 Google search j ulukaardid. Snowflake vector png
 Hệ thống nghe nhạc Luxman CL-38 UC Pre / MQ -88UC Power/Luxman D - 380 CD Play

* * *

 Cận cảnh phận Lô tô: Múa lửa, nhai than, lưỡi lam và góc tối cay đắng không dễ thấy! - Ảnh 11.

...

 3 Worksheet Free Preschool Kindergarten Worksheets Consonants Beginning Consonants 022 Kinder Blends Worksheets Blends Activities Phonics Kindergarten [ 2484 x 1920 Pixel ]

◆ Task brief ◆
When you reach the line containing "Google search j" in the data above, start copying exactly, and stop after the line containing "Hệ thống nghe".

◆ Answer section ◆
 Google search j ulukaardid. Snowflake vector png
 Hệ thống nghe nhạc Luxman CL-38 UC Pre / MQ -88UC Power/Luxman D - 380 CD Play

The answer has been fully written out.